Monday, October 7, 2013

A brief history, excluding most of the details

I was given the impression I was fat on and off as a kid and somewhere mid-tweens.  Sometimes I didn't think so, but sometimes I did.  For a little while, my mom bought me clothes at Sears in what they actually called their "chubby" sizes.  Imagine!  I've never forgiven Sears for that.  I had a dream as an adult that the Sears Tower was a giant chubby dress and it was coming to get me.  Run for your life!  Here comes the monstrous chubby dress!

As a young adult, I started gaining, then losing, then gaining more, then losing more, etc. --  then REALLY losing, then gaining beyond anything I could have imagined.  I was way too thin for awhile, because I wanted to be loved and I thought that would help, but it didn't.  I was self-loathing and a nervous wreck, so those things didn't help either.  When I realized that wasn't helping, and life became unbearable, I said screw it.  As I've said, I've had major depressive disorder for as long as I can remember (but I'm *much* better now).  And at one of my lowest points, after my marriage broke up, and I felt I had lost all my friends at the same time, and I didn't have a place to live, I just shut everything off -- including any self-recognition of physical cues, like hunger.  And I gained and gained.  I've had one or two periods of losing weight again, but it's been some time since the trend was downward.

As I've said, carrying so much weight around is extraordinarily painful.  My life is limited in so many ways.  This is not something that I've chosen, nor would anyone choose it.  I've found temporary remedies that have helped for awhile, but it's always been something of a struggle -- a sense that what I was doing to lose weight was not normal, and that I wasn't normal, and that everything was wrong.  I think ... it's early yet, but I think this group therapy thing is better.  I'll report more as I go along, but at the moment, I feel simply more in touch with those parts of my that shut down, in terms of hunger cues and that sort of thing.

A short list:
Lower back pain
Foot pain
Occasional but extraordinary shooting pains in the muscles along the outside of my thighs, to the point that I can't take a single step without stopping and regrouping (followed by a single step ...)
Emotional pain/self-loathing

It's hard to jump up and start exercising, even walking, when you don't know when you'll just freeze and not be able to move another step.  So it's not that easy.
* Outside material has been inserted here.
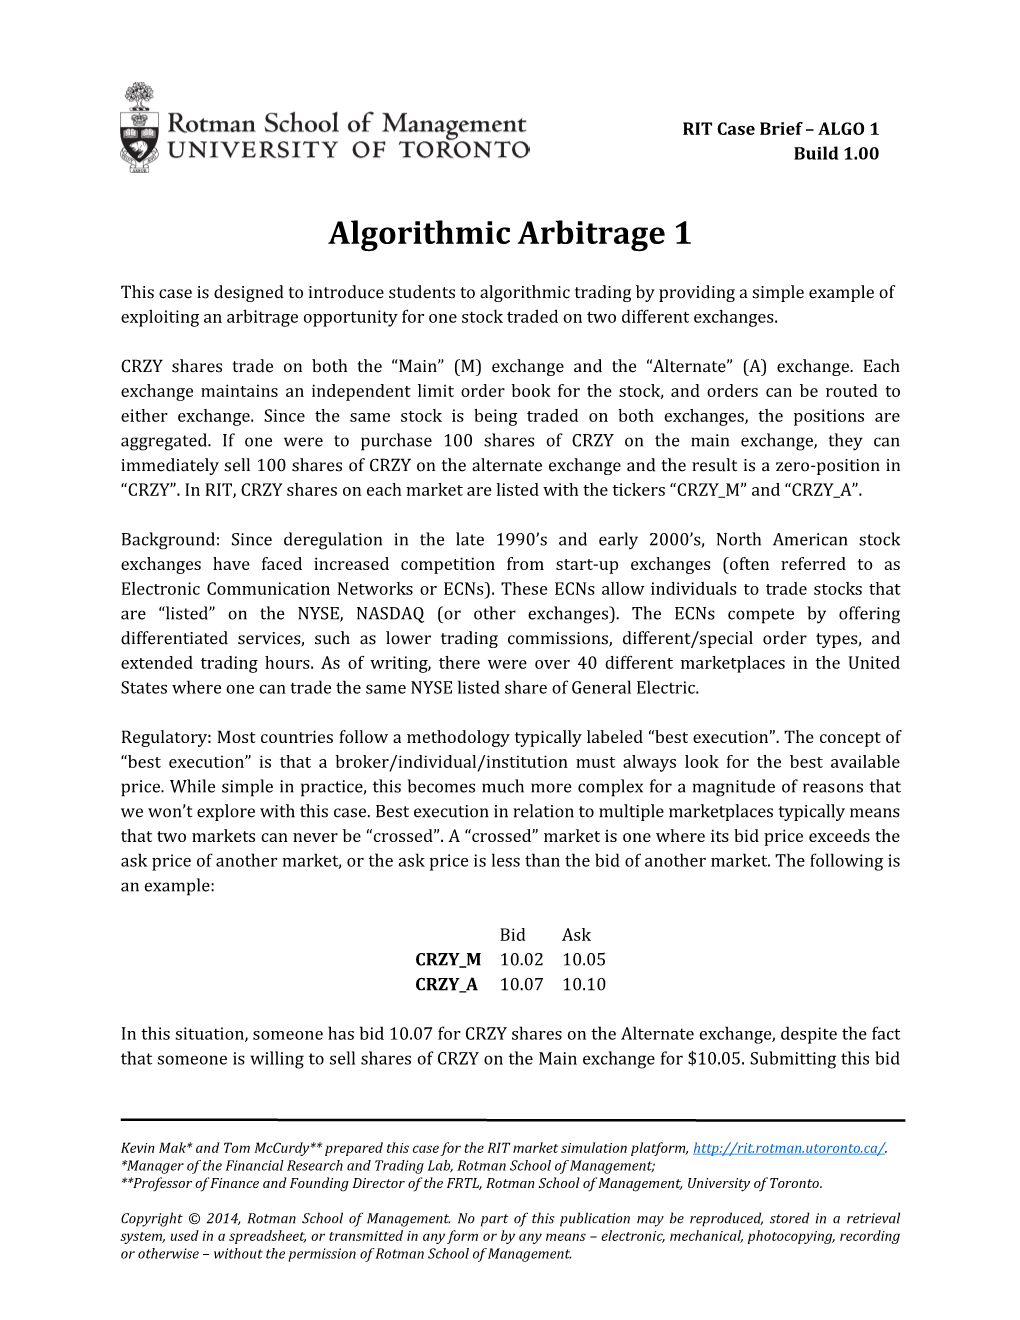 Algorithmic Arbitrage 1

I don't mean this as a list of complaints.  I'm just trying to make a factual documentation of what I -- and others who are in this same boat -- experience.  There's a great deal of ignorance about what larger people go through, and I want to try to shed some light on it.

More to come.



4 comments:

Not Necessarily Reality said...

I'm right there with you, Ade. I want to go for walks but I don't know when my back might cease up and I won't be able to walk. It happens in the middle of the night when I get up to pee. It's awful.

I'm going to try to start doing crunches.

Jawja said...

Many hugs and a salute to you my friend!

Wincey said...

Sometimes I take a cane, when I know I have a ways to walk and there isn't any way out of walking. I haven't needed it much, but I had a serious problem with walking after being in the car for several hours not long ago, and wish I'd thought to bring the cane. It also helps when you feel you have to convince someone that you actually need some accommodation. And sometimes I do. A lot of time I do.

Tavie said...

Plantar fasciitis is one of the fun little "side effects" I have.